Data Services PyramidWhile delivering services on Business Intelligence - or any of the other words you want to make up for it, Business Analytics, Data Science, whatever (I’ve always been more focused on actual content than on the wrapping some people like to put around it) - one very important part that sometimes ends up being a bit overlooked is how you hand out the information.
In the end it’s all about it. All the discussions carried out about technology choices, implementation, hardware, all ends up the same way - giving the information back to the consumers.
This may seem obvious. It’s not, and has a lot of implications especially when we have at our reach a huge amount of technologies to choose from.
This is written from the perspective of someone internal to a company’s metrics / data engineer team. I’m wearing my Mozilla metrics hat now, thinking about all the challenges we face on a daily basis.
Information deliveryOne may be tempted to think that the best way to deliver information is the one where the user has the higher degrees of freedom when it comes to interact with that data. It’s not. With great power comes great responsibility, and sometimes less is better.
A metrics person has to guarantee not only the data he delivers is correct, but also that there’s no possibility of that data to be misunderstood. I find the second part harder than the first, especially when we’re dealing with scenarios with people that have been in a specific line of business for a long time.
Ground zero - Raw dataThis is the example taken to the extreme. Raw data is, by far, the most valuable source of information, and the one where we can draw more information from. Obviously, makes no sense to anyone to hand out this source to information consumers. Very few hold the keys to the dungeon, and for good reasons.
You need to go up in the stack, progressively converting data language, the zeros and ones, into business terminology, to build your Data Services Pyramid
Data Services Pyramid
While growing our information system, we’ll inevitably want to end up with something like this. But instead of a structured stack, it’s very easy to end up with a disjointed mess of technology and services.
Should be easy to understand what kind of information deliverables sit on each level. They obviously depend on the tools at use, but some examples:
- Raw data
- Handing out files
- Direct file system access
- Storage area
- NoSQL endpoints
- Hadoop / hive access
- Ad-hoc layer
- Metadata based tools
- OLAP clients
- Preformatted deliverables
- Csv/xls exports
The Services challengeWe must have a very clear objective in mind - put users as far up the stack as possible.
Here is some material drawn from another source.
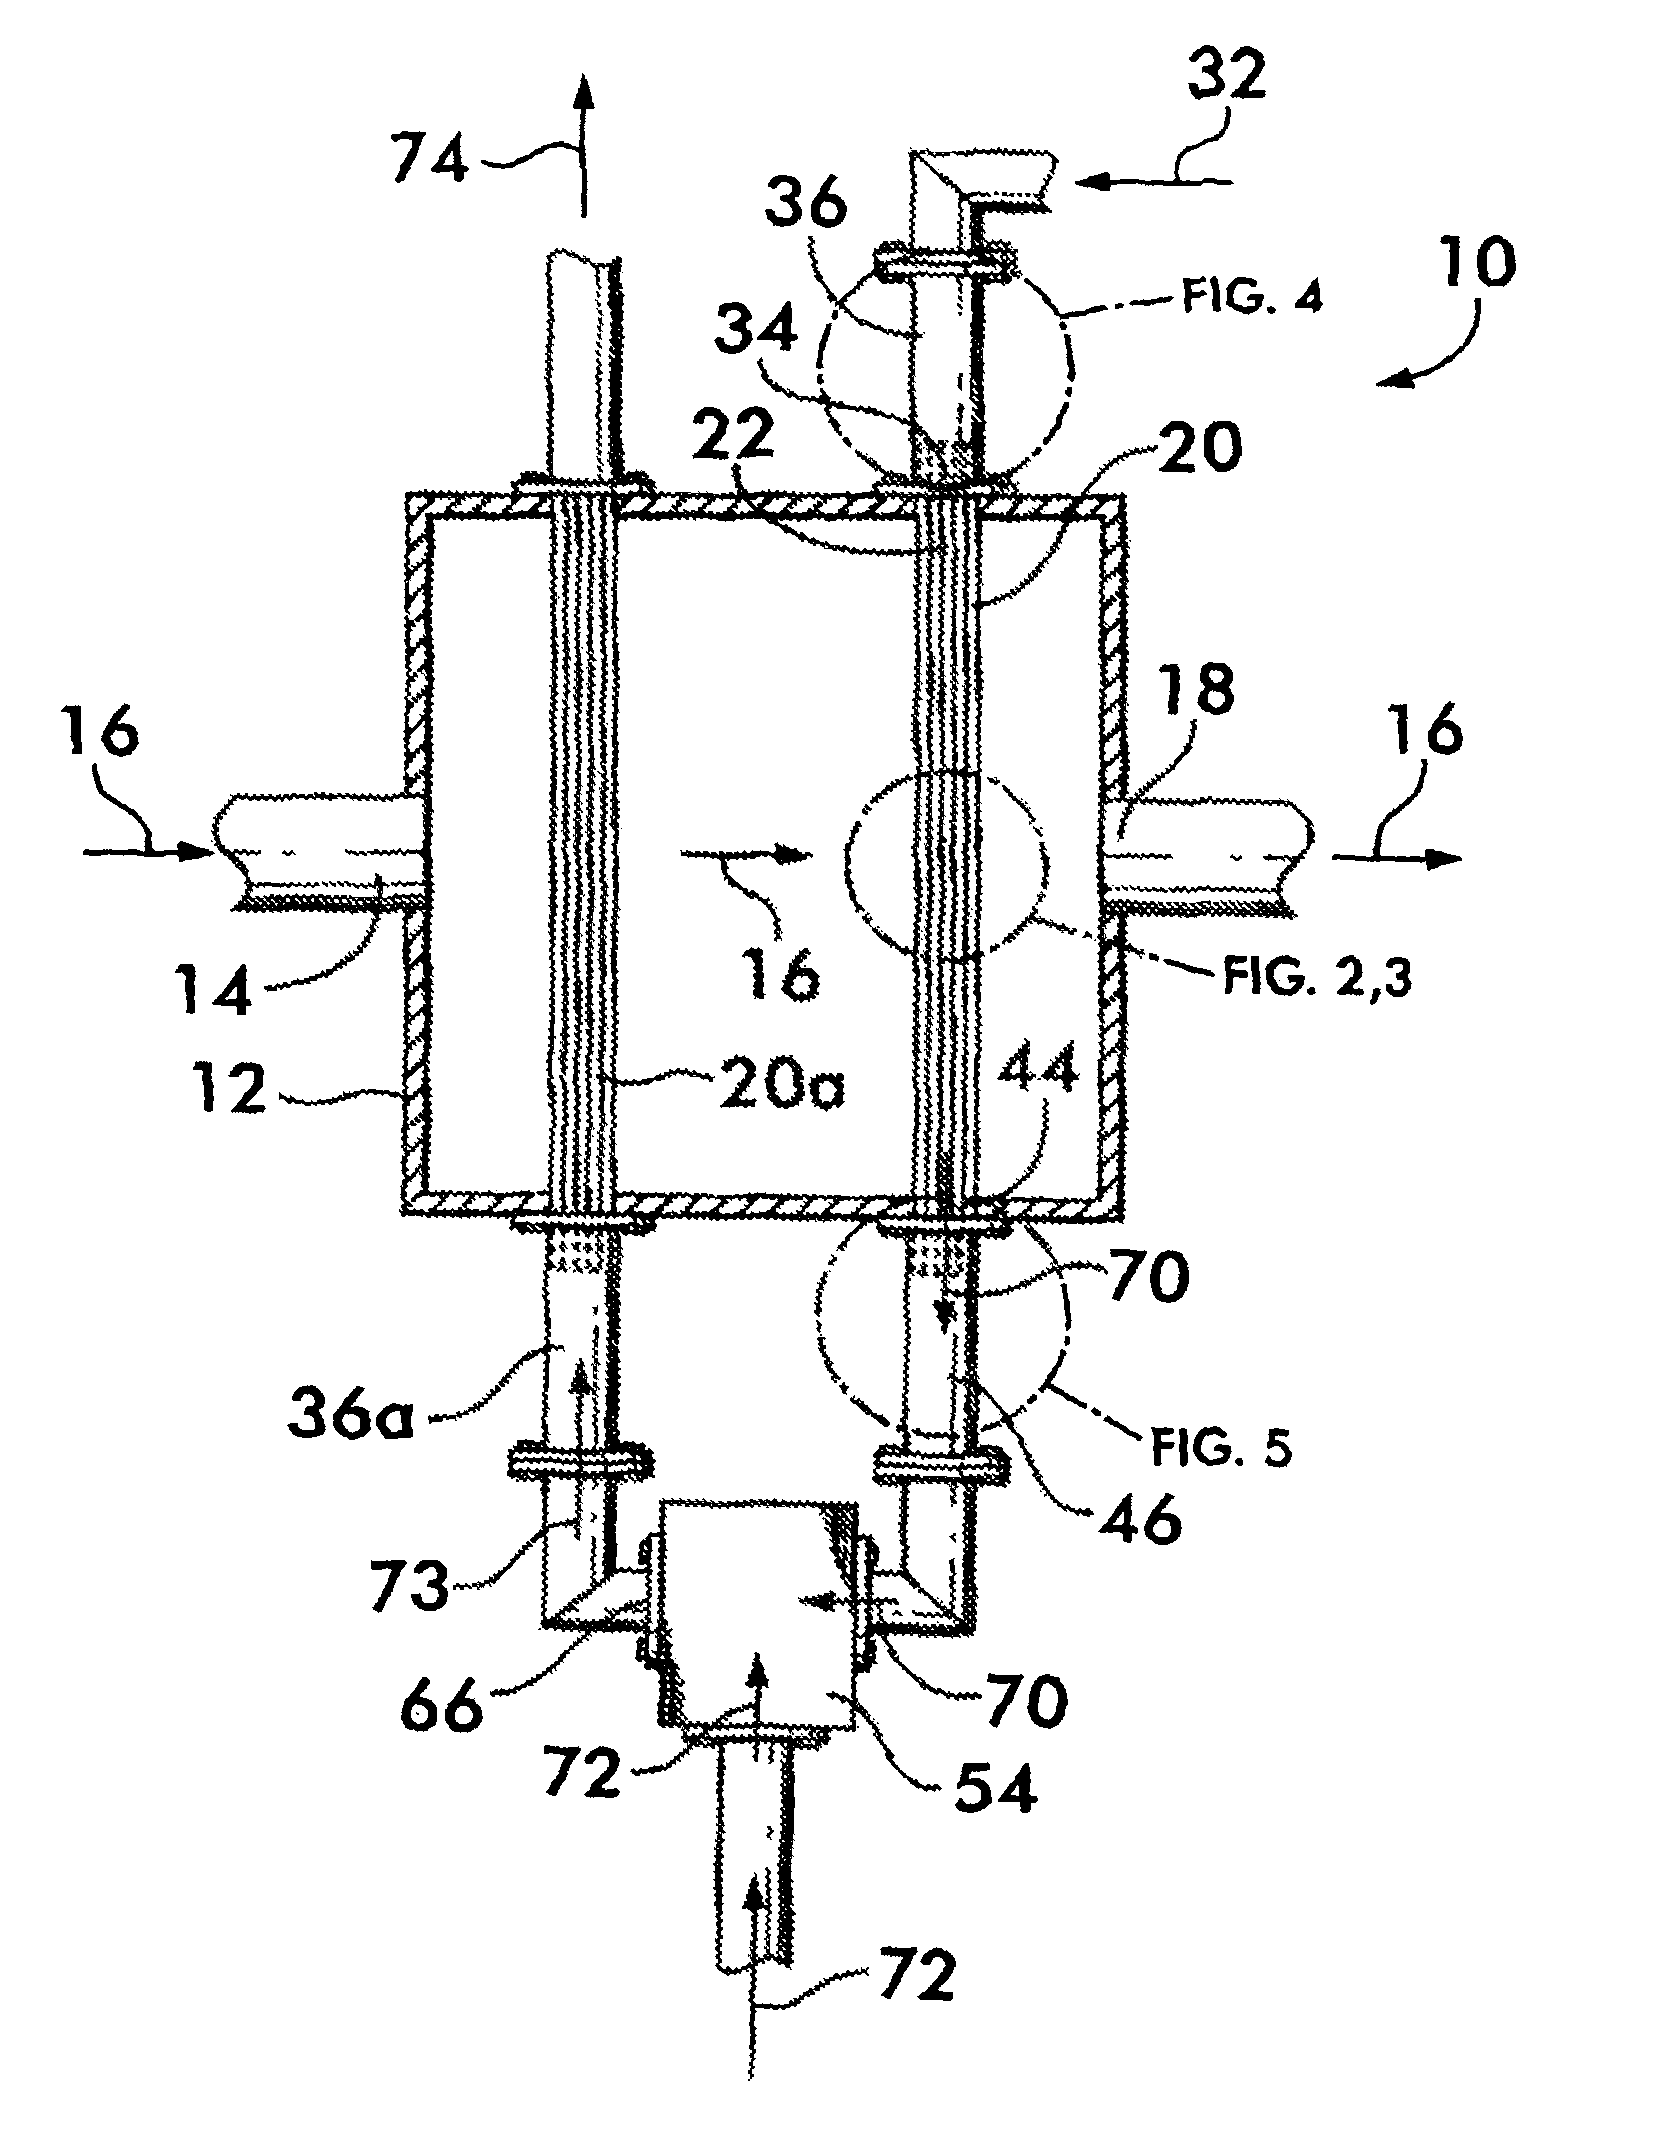 Staged hydrocarbon/steam reformer apparatus and method

The goal is not to prevent them from accessing the data. Much more important, it’s preventing them from misinterpreting the data. Every time I see someone asking access to a database or hadoop, I start trembling - I know trouble’s coming.
As we move up in the stack, we’re converting data language into business language. This is a crucial point. As we work on this translation, we need to set in stone our final language as a shared set of dimensions, well documented terminology, that poses no questions to anyone whenever they’re used.
And this translation is hard, moving from data terms to business terms. The less people involved here, the better. That’s why I’ve identified, in the Data Services Pyramid, a danger zone that we should be very cautious with, mostly cause the fore mentioned translation isn’t done yet.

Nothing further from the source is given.